DeHority Kaitlyn, Craig Tina, Damron Timothy A
Department of Orthopedic Surgery, State University of New York Upstate Medical University, Syracuse, New York, NY, USA.
Ann Jt. 2022 Apr 15;7:12. doi: 10.21037/aoj-20-92. eCollection 2022.

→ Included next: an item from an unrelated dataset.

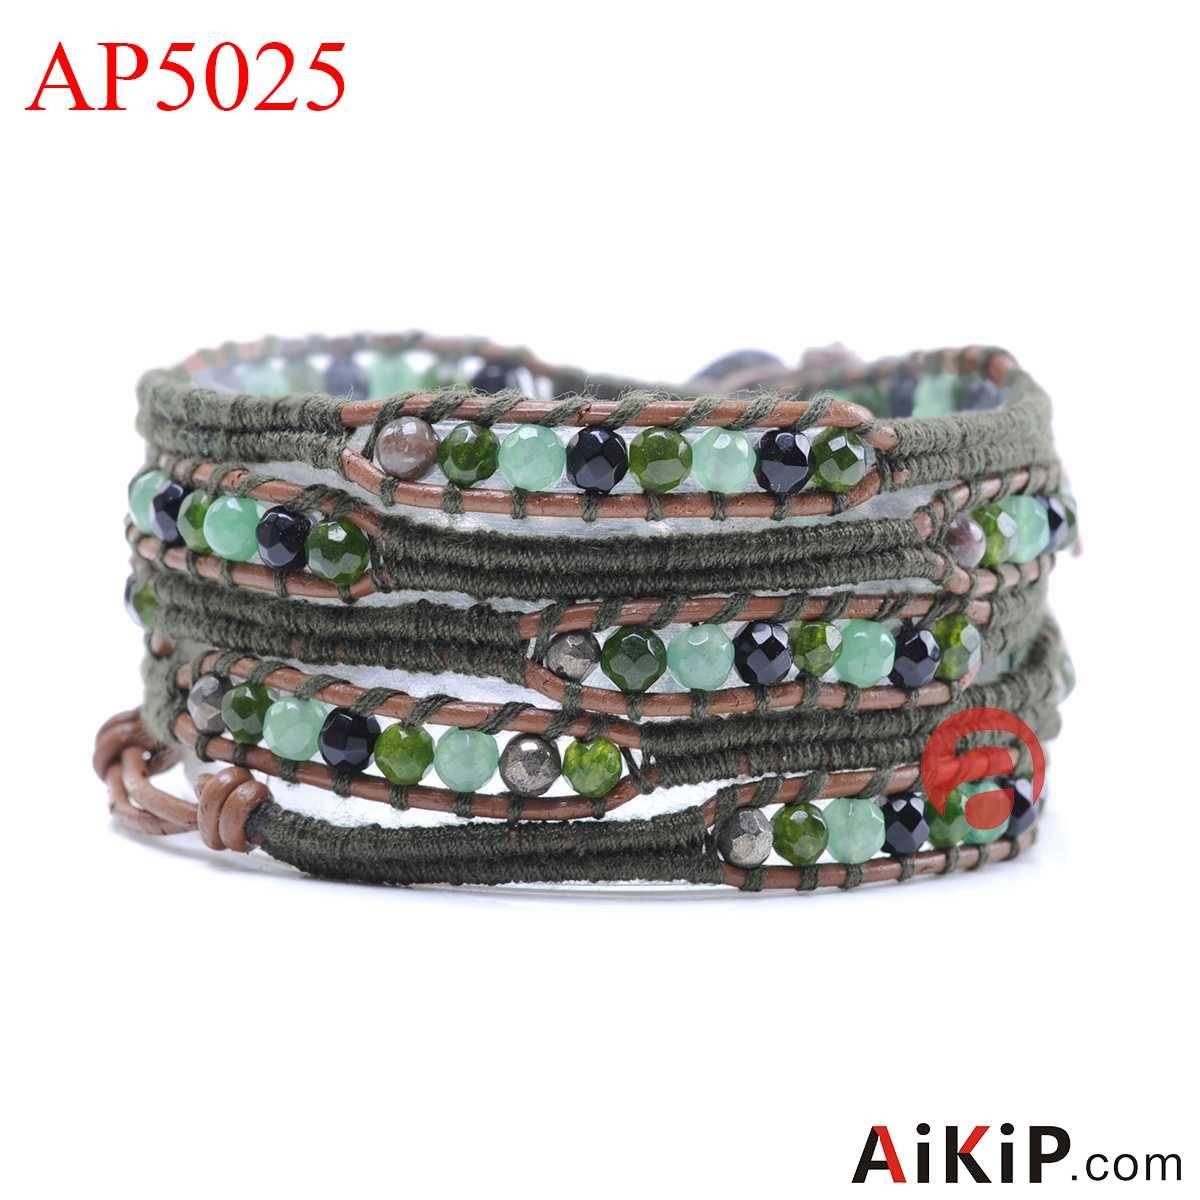 Green Aventurine black agate malay jade wool leather stainless steel clasp bracelet

Accurate comparison of prophylactic surgical treatment (PST) to after fracture treatment (AF) of patients with femoral metastatic disease requires more accurately identifying patients for impending fracture, such as with CT-based structural rigidity analysis (CTRA). This study compares a more accurately defined PST group (of impending fractures defined by CTRA) to AF for metastatic femoral disease.
PST patients were enrolled and treated by the PI in a longitudinal multicenter study of impending pathologic fractures evaluated for accuracy by CTRA. The AF patients were also treated by the senior author and were identified by retrospective chart review. Fifty-five patients were treated surgically for metastatic femoral lesions and were divided into three groups for the purpose of this study: Group I (AF), Group II (PST-high), and Group III (PST-low). Demographic information, comorbidities, and clinical variables of interest were collected by retrospective chart review; cost data was collected by collaboration with our hospital financial personnel (office of the Chief Financial Officer).
Survival showed statistically significant differences favoring Group II. Transfusions in Group I were nearly twice those of Groups II and III, but there was no statistically significant (NS) difference between groups. Estimated blood loss (EBL) was generally with NS difference. Similarly, there were NS differences in LOS between groups. Discharge disposition showed statistically significant differences between groups (P=0.012, global). Discharge to home was highest in Group II (76%) and lowest in Group I (27%). Discharge to rehab was lowest in Group II (24%) and highest in Group I (47%). There were no discharges to hospice or morgue in Group II, while both occurred in Group I. Mean direct and total costs were highest in Group I ($18,837 and $31,997, respectively) and lowest in Group II ($16,094 and $27,357) but the differences were NS.
This study shows benefits of PST over AF in a group of PST patients more accurately defined to have impending pathologic fractures by CTRA definition.
对于股骨转移性疾病患者,要准确比较预防性手术治疗(PST)与骨折后治疗(AF),需要更准确地识别即将发生骨折的患者,比如通过基于CT的结构刚度分析(CTRA)。本研究比较了一个更准确界定的PST组(由CTRA界定的即将发生骨折的患者)与股骨转移性疾病的AF组。
在一项纵向多中心研究中,主要研究者招募并治疗了PST患者,该研究通过CTRA评估即将发生的病理性骨折的准确性。AF患者也由资深作者进行治疗,并通过回顾性病历审查进行识别。55例患者接受了股骨转移性病变的手术治疗,为进行本研究将其分为三组:第一组(AF)、第二组(PST-高)和第三组(PST-低)。通过回顾性病历审查收集人口统计学信息、合并症及感兴趣的临床变量;成本数据通过与我院财务人员(首席财务官办公室)合作收集。
生存率显示出有利于第二组的统计学显著差异。第一组的输血次数几乎是第二组和第三组的两倍,但组间无统计学显著差异。估计失血量(EBL)通常无显著差异。同样,组间住院时间(LOS)无显著差异。出院处置在组间显示出统计学显著差异(P = 0.012,总体)。第二组出院回家率最高(76%),第一组最低(27%)。第二组出院至康复机构的比例最低(24%),第一组最高(47%)。第二组无人出院至临终关怀机构或太平间,而第一组均有发生。平均直接成本和总成本在第一组最高(分别为18,837美元和31,997美元),在第二组最低(16,094美元和27,357美元),但差异无统计学意义。
本研究表明,在一组通过CTRA定义更准确界定为即将发生病理性骨折的PST患者中,PST比AF更具优势。